Major Williams

No. 24 – Winnipeg Blue Bombers
- Position: Defensive back
- Roster status: Active
- CFL status: American

Personal information
- Born: August 31, 2001 (age 24) Fort Myers, Florida, U.S.
- Listed height: 5 ft 11 in (1.80 m)
- Listed weight: 190 lb (86 kg)

Career information
- High school: Dunbar (Fort Myers)
- College: Virginia (2019) Iowa Central (2020–2021) Carson–Newman (2022–2024)
- NFL draft: 2025 (undrafted)

Career history
- Kansas City Chiefs (2025)*; Winnipeg Blue Bombers (2025–present);
- * Offseason or practice squad member only

Awards and highlights
- 3× First-team All-SAC (2022–2024);
- Stats at CFL.ca

= Major Williams (gridiron football) =

American gridiron football player (born 2001)

Major Williams (born August 31, 2001) is an American professional football defensive back for the Winnipeg Blue Bombers of the Canadian Football League (CFL). He played college football for the Virginia Cavaliers, Iowa Central Tritons and the Carson–Newman Eagles.

== Early life ==
Williams was born on August 31, 2001, in Fort Myers, Florida. He attended Dunbar High School in Fort Myers. Williams was a multi-sport athlete, including track and field (where he was a high school state champion in the 4×100-meter relay), basketball and football.

In football, he played as a cornerback and wide receiver. As a junior, Williams recorded 30 tackles, five pass breakups, three interceptions and fumble recovery. In his senior year, he caught four passes for 104 yards, made 31 tackles and five pass breakups. As a three-star recruit, Williams committed to play college football at the University of Virginia.

== College career ==
Williams played college football for the Virginia Cavaliers in 2019, Iowa Central Tritons from 2020 to 2021 and the Carson–Newman Eagles from 2022 to 2024. At Virginia, he played in three games as a true freshman but remained as a redshirt.

Williams transferred to the JUCO Iowa Central Community College, where he played in the 2021 fall season. In 11 games, he made 52 total tackles, including three for loss, two interceptions and six pass breakups. As kick returner, Williams returned 12 kicks for 244 yards and one touchdown.
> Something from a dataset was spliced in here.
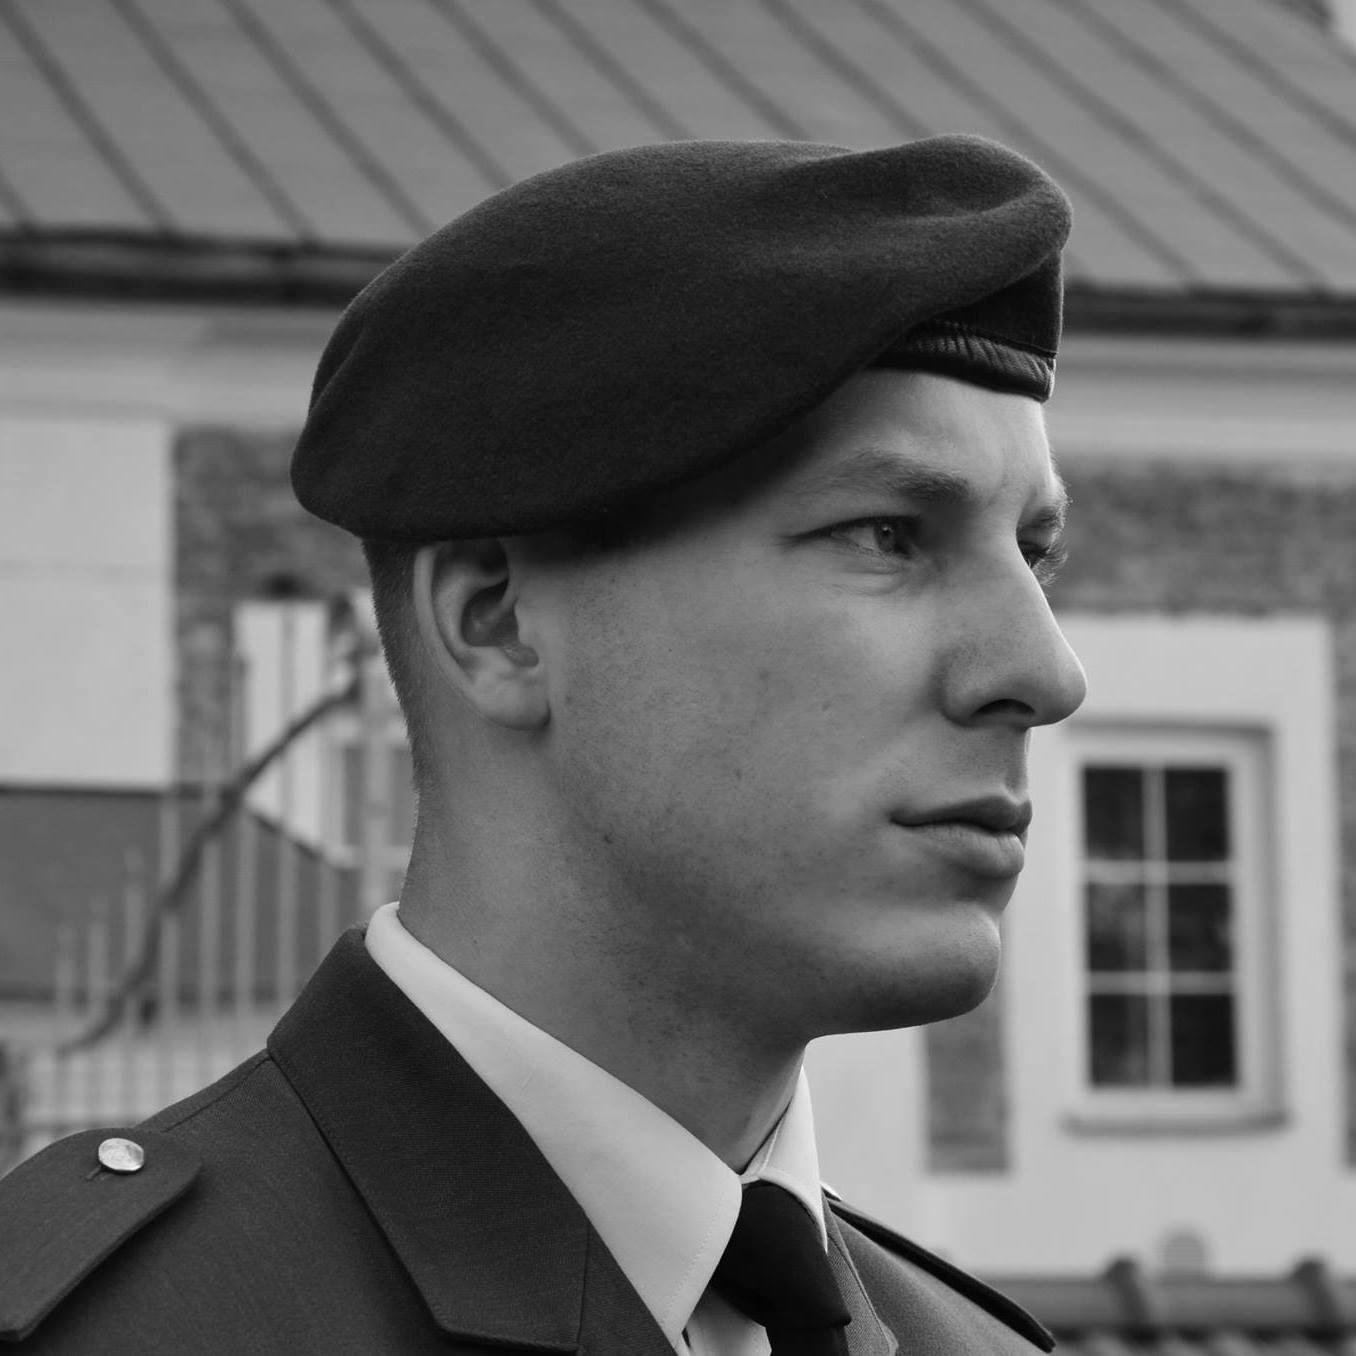 Pasak Lietuvos šaulių sąjungos atstovo Tado Venskūno, tinkamiausias būdas ugdyti vertybes yra asmeninis pavyzdys. / Asmeninio archyvo nuotr.

Williams then transferred again to Carson–Newman University where he played for three years. In 34 games, he made 155 tackles, 3.5 sacks, four interceptions, 26 pass deflections, two forced fumbles and one fumble recovery. As a punt returner, Williams had 620 return yards and two touchdowns. He was a three-time, first-team All-South Atlantic Conference recipient and was named an All-American by D2Football.com.

== Professional career ==

Pre-draft measurables
| Height | Weight | Arm length | Hand span | Wingspan | 40-yard dash | 10-yard split | 20-yard split | 20-yard shuttle | Three-cone drill | Vertical jump | Broad jump | Bench press |
| 5 ft 11 in (1.80 m) | 198 lb (90 kg) | 9+1⁄4 in (0.23 m) | 31+1⁄8 in (0.79 m) | 6 ft 1+7⁄8 in (1.88 m) | 4.40 s | 1.51 s | 2.55 s | 4.08 s | 6.90 s | 37 in (0.94 m) | 10 ft 5 in (3.18 m) | 20 reps |
All values from Pro day

=== Kansas City Chiefs ===
After not being selected in the 2025 NFL draft, Williams signed with the Kansas City Chiefs of the National Football League (NFL) as an undrafted free agent. He was released on August 26, 2025, as part of final roster cut-downs.

=== Winnipeg Blue Bombers ===
On October 2, 2025, Williams was signed to the practice roster of the Winnipeg Blue Bombers of the Canadian Football League (CFL). After not appearing in any games in 2025, he won the starting cornerback job, opposite Jonathan Moxey. Williams recorded his first interception in week 5 against the Hamilton Tiger-Cats.